Bergen Restaurants: The Green Olive in Hackensack
Pete’s chicken, flattened chicken breasts with mushrooms and sun-dried tomatoes.
ELISA UNG OF THE RECORD
BERGEN.COM

“My stepfather, Peter Parascand, has been a chef for over 30 years” went the e-mail that Joe Iurato sent me last fall. “He’s not the kind of chef that’s into experimental cuisine, and he’s not trying to reinvent the wheel … His food is fresh, comforting and he tries to appeal to all palates … I can tell you that throughout all the years, I’ve never seen him lose his drive for cooking food, and it reflects in every dish he serves.”

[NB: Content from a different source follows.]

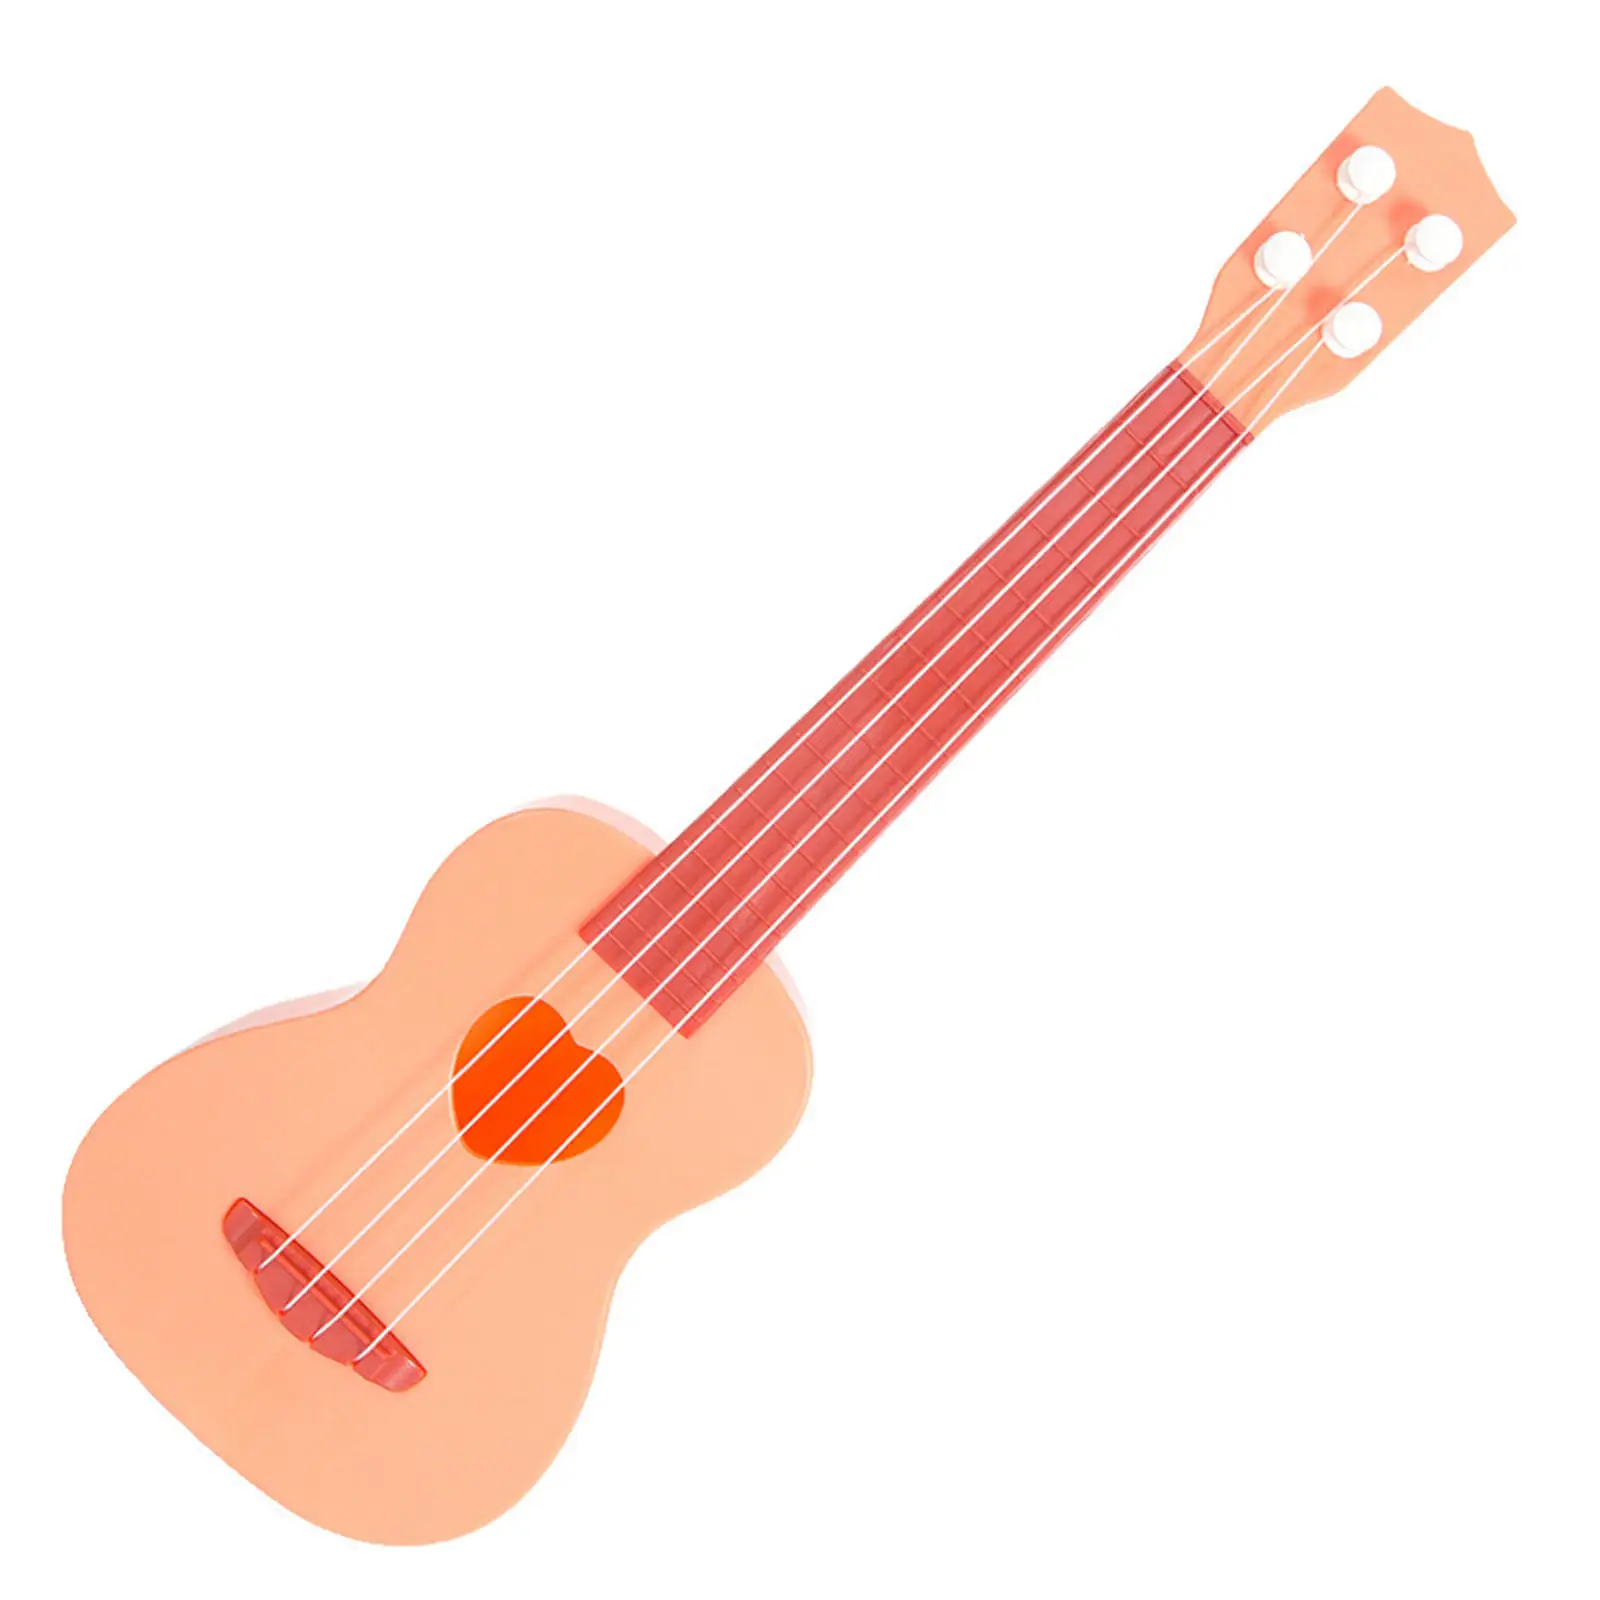 MILISTEN Niños Plástico Ukelele Guitarra Juguete 4 Cuerdas Dinosaurio Patrón Niño Instrumentos Musicales Juguete Mini Guitarra Juguetes Educativos para Niños Niños Niños

Indeed, if there was an award given out for persistence in local neighborhood cooking, Parascand would be a contender: After getting his start at 17 as a runner in a friend’s restaurant in Cliffside Park, he has spent the rest of his three-decade career at just a handful of local restaurants. He cooked for almost 14 years at Le Bistro in Elmwood Park; he then bought Patsy’s in Fairview, then returned to Elmwood Park with Basil and Vine. In 2008, he opened The Green Olive in Hackensack in the site of a former sizzling steak restaurant in a small strip mall on Passaic Street near the Maywood border.

Parascand is not formally trained but attributes his culinary education to learning on the job, reading and “heart — that’s the key in the food business, is heart.” He’s had the same partners — local pain-management physicians Kristappa Sangavaram and Nirmal Patel — for two decades (his wife and third business partner, Roseann Parascand, works in their Elmwood Park office). Parascand’s stepsons are big parts of The Green Olive: Michael Iurato is the bartender, while you may see Joe working front of the house.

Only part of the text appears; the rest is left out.